KUALA LUMPUR: Boustead Plantations Bhd (BPlant) aims to costs, boost productivity through mechanisation, and replant less productive oil palm stands to counter potential risks in the palm oil market.
“To cushion the potential downside in the palm oil market, the group will continue to focus on cost rationalisation and will strive for improved productivity through continued mechanisation initiatives and replanting older, less productive oil palm stands,” BPlant said in a filing with Bursa Malaysia.
Despite the expected presence of the El Niño weather pattern, Malaysia's palm oil production is projected to rise in 2024.

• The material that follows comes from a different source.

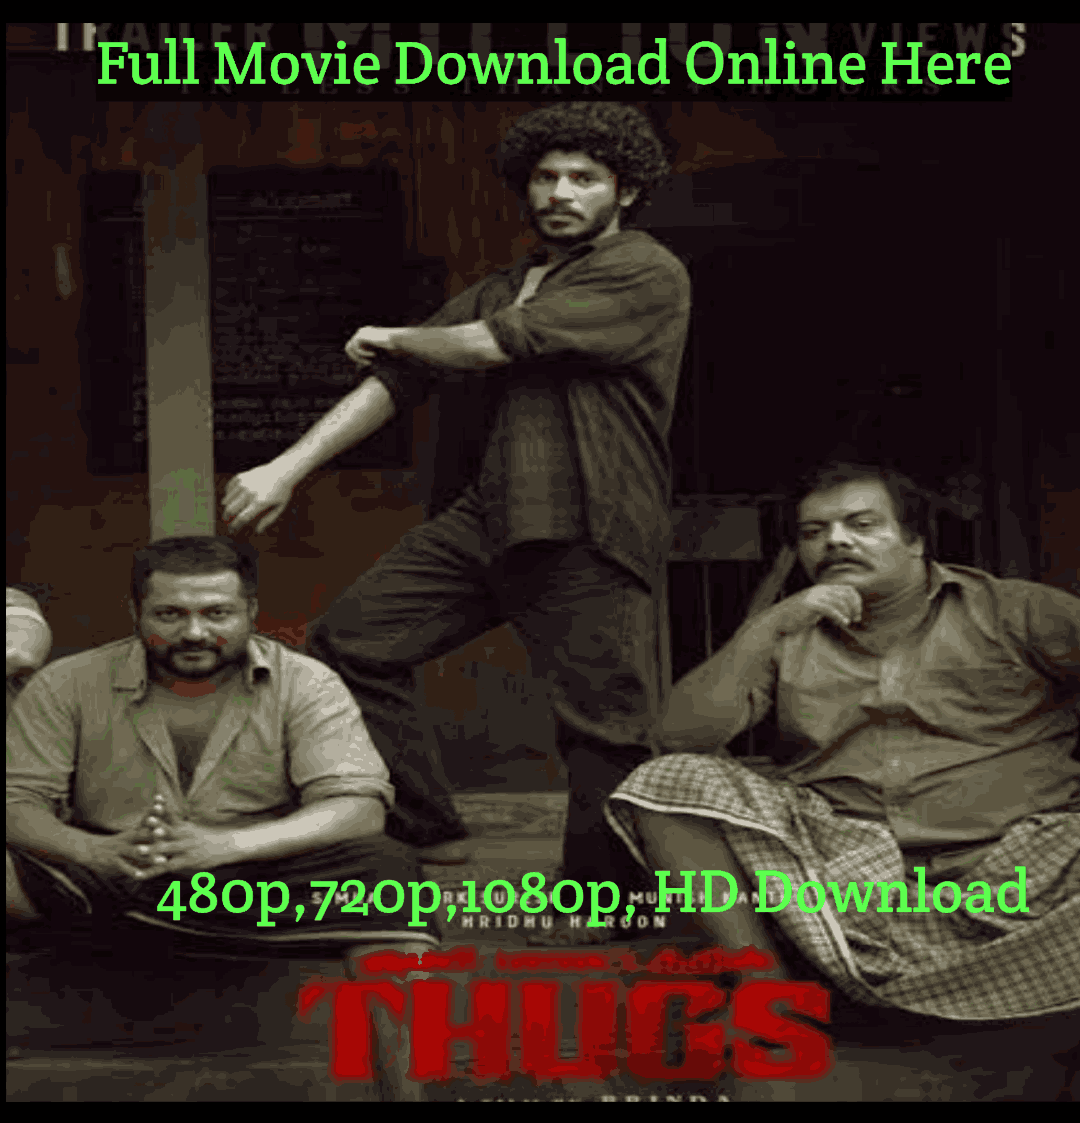 Thugs Tamil Movie Download Hindi Dubbed Free HD [480p,720p,1080p]

“This growth can be attributed to the improved workforce and the increased maturity of palm trees available for harvesting. The potential adverse effects of dry conditions associated with El Niño on Malaysian palm trees is expected to be mild with the arrival of the monsoon season,” BPlant said.
The plantation group said palm oil prices were experiencing a downturn due to a combination of factors, including the current high crop season, rising palm oil stocks, and dragged by erosions in vegetable oil complex.

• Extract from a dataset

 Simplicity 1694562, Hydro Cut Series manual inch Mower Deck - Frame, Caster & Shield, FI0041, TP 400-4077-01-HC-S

On a positive note, BPlant noted that the demand for biodiesel blending had surged owing to elevated gasoil prices, resulting in increased palm oil consumption. Nevertheless, it might require some time for the bullish impact on the market to fully materialise.

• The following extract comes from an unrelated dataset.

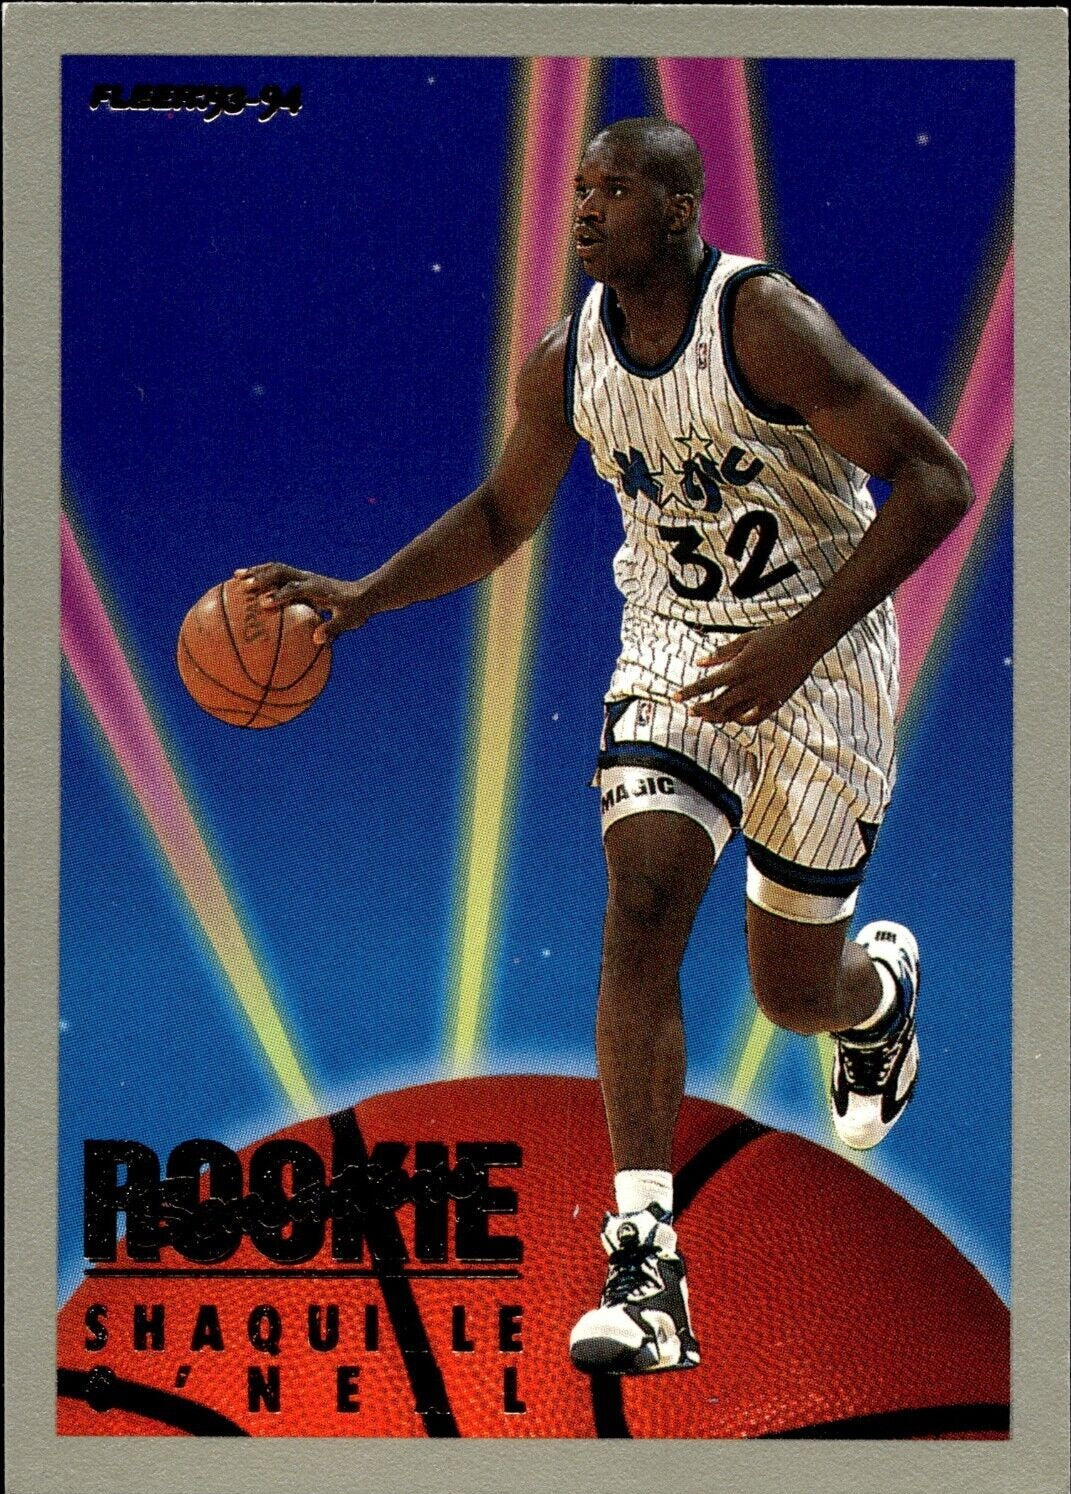 1993-94 Fleer NBA Basketball Series 1 Jumbo Pack

In the third quarter ended Sept 30, BPlant posted a net profit of RM15.2mil against a net loss of RM352,000 posted in the same corresponding quarter last year.
Its revenue was lower at RM202.5mil from RM240.2mil a year prior while earnings per share stood at 0.68 sen against loss per share of 0.02 sen last year.
For the first nine months, it posted a net profit of RM14.9mil, down from RM508.02mil while revenue fell 33.9% to RM603.5mil from RM913.4mil.